Склон, ведущий к протоптанной на крепком льду Москвы-реки тропинке, залит ярким, по-особому бодрящим зимним солнцем. Оттуда несутся веселые крики детворы, скатывающейся на санках на самый лед. Наверху степенно беседуют мамы, бабушки и дедушки, катают младенцев, чтобы дышали свежим воздухом. Около одной из колясочек высокий старик со строгим лицом в меховом картузе. Время от времени он берется за ручку коляски и покачивает - скорее всего, не внука, а правнука - хотя тот не плачет. Уникальный исторический миг, который уже не повторится! Два века еще соединены через физическое тело коляски, но совсем скоро они расцепятся, и зазор между ними начнет увеличиваться. Только сейчас можно смотреть на них обоих сразу - между ними всего метр.

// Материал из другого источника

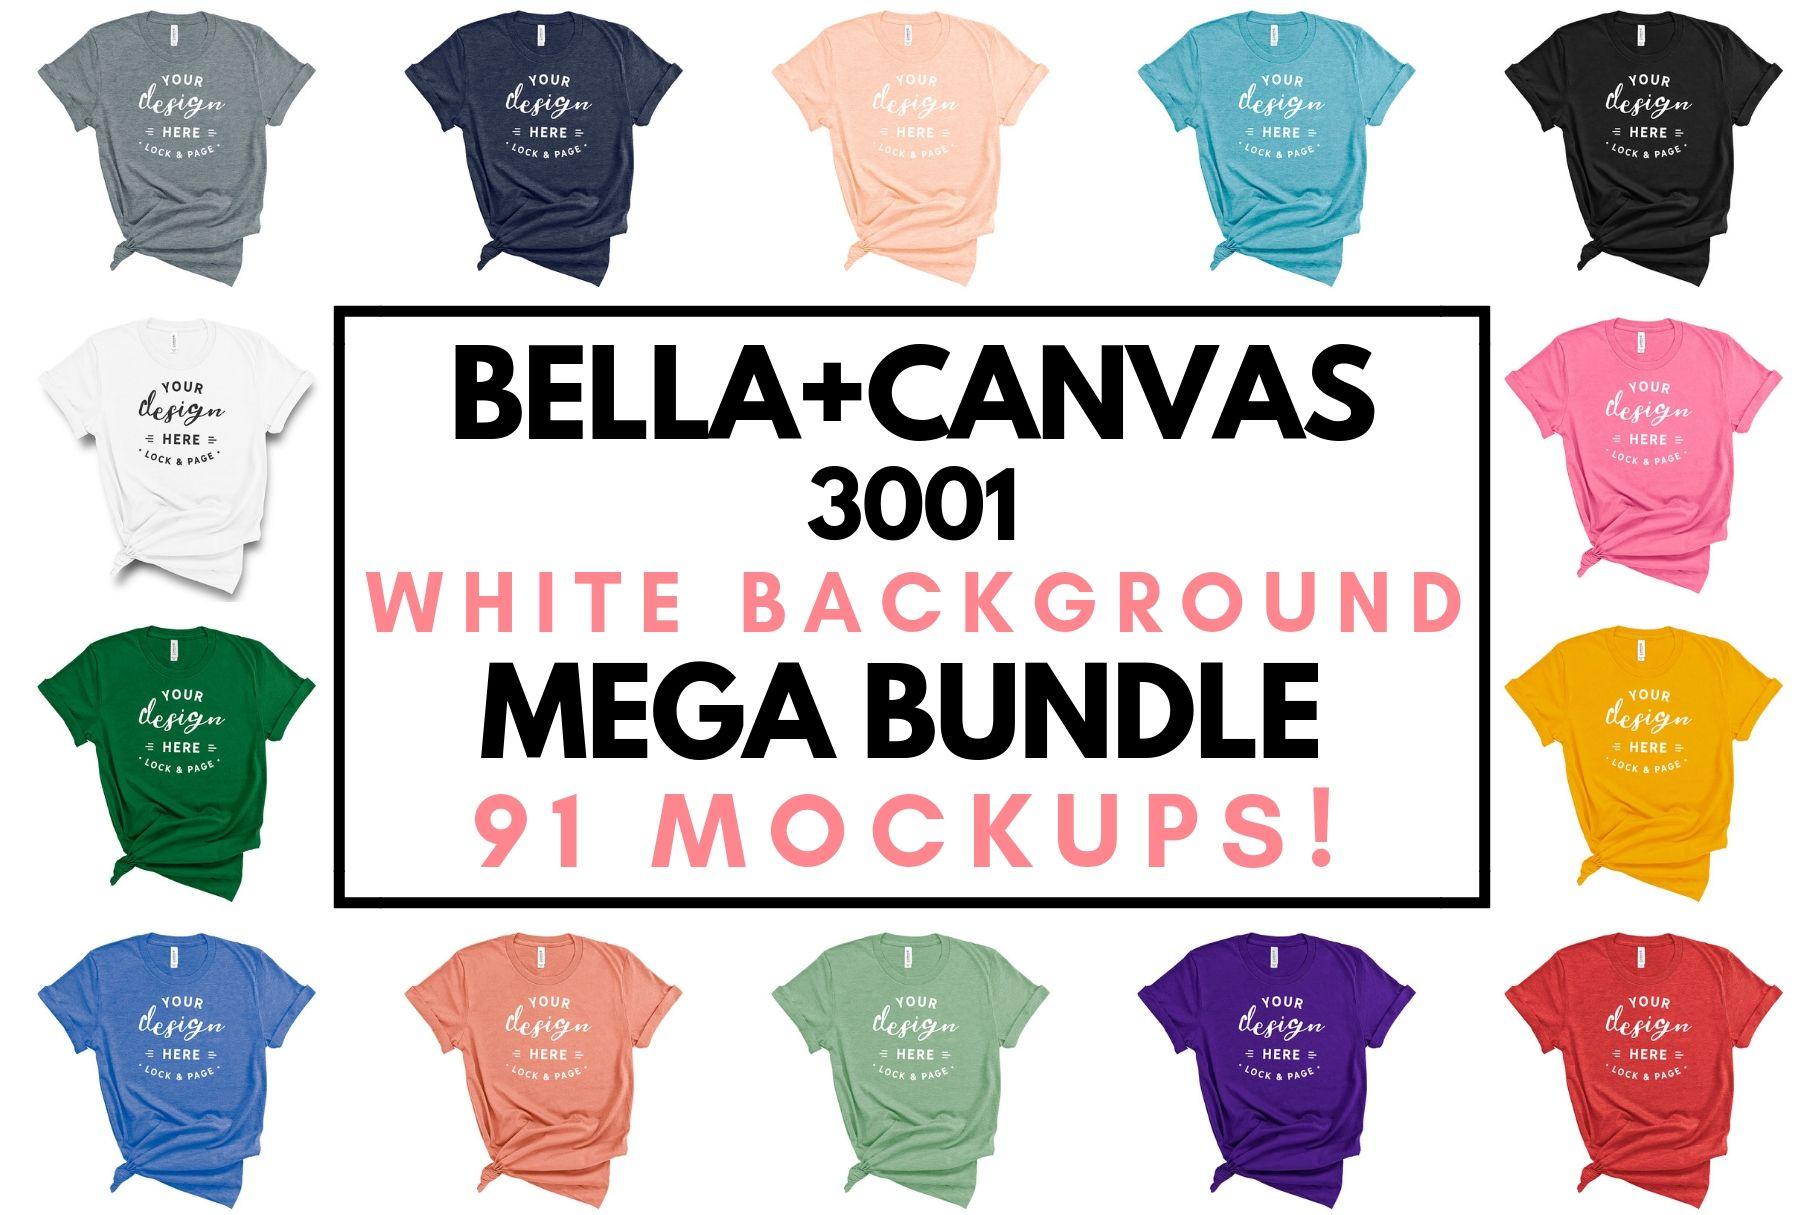 Download Bella Canvas 3001 T Shirt Mockup Bundle All Colors On White Example Image 1 Design Mockup Free Tshirt Mockup Shirt Mockup

Девятнадцатый век - в морщинах и седине старика, в его железной памяти. Старик весь там, новый век ему не нужен, на него нет уже ни сил, ни любопытства. Он полон дорогим его сердцу прошлым, которое кончилось для календаря, но не для него. Он видит, как мальчишкой сидит на коленях любимого дяди, и тот рассказывает ему про недавнее нашествие Наполеона... А вот и он сам уже молодой офицер в лагере под Евпаторией, поднимающий стакан за павших во вчерашней битве друзей... Глядя на храм Христа Спасителя, сверкающий золотым куполом на той стороне реки, он вспоминает церемонию его освящения, когда он стоял совсем близко от нового царя, сменившего на троне убитого бомбой отца, и хорошо разглядел его богатырскую фигуру. Когда это было? Да, в 1883-м... И лица, лица, лица - красивые, добрые, милые. Их уже никого нет, видевших то же самое, что видел он, и, яко ночной вран на нырище, он один хранит в себе яркость, богатство, мощь и красоту наполненного калачами, лошадьми, победами, березовыми вениками, гулом голосов, шепотом влюбленных и маршами духовых оркестров неповторимого великого столетия Великой России. Он знает, что сей, лежащий в колясочке, увидит падение и восстание многих.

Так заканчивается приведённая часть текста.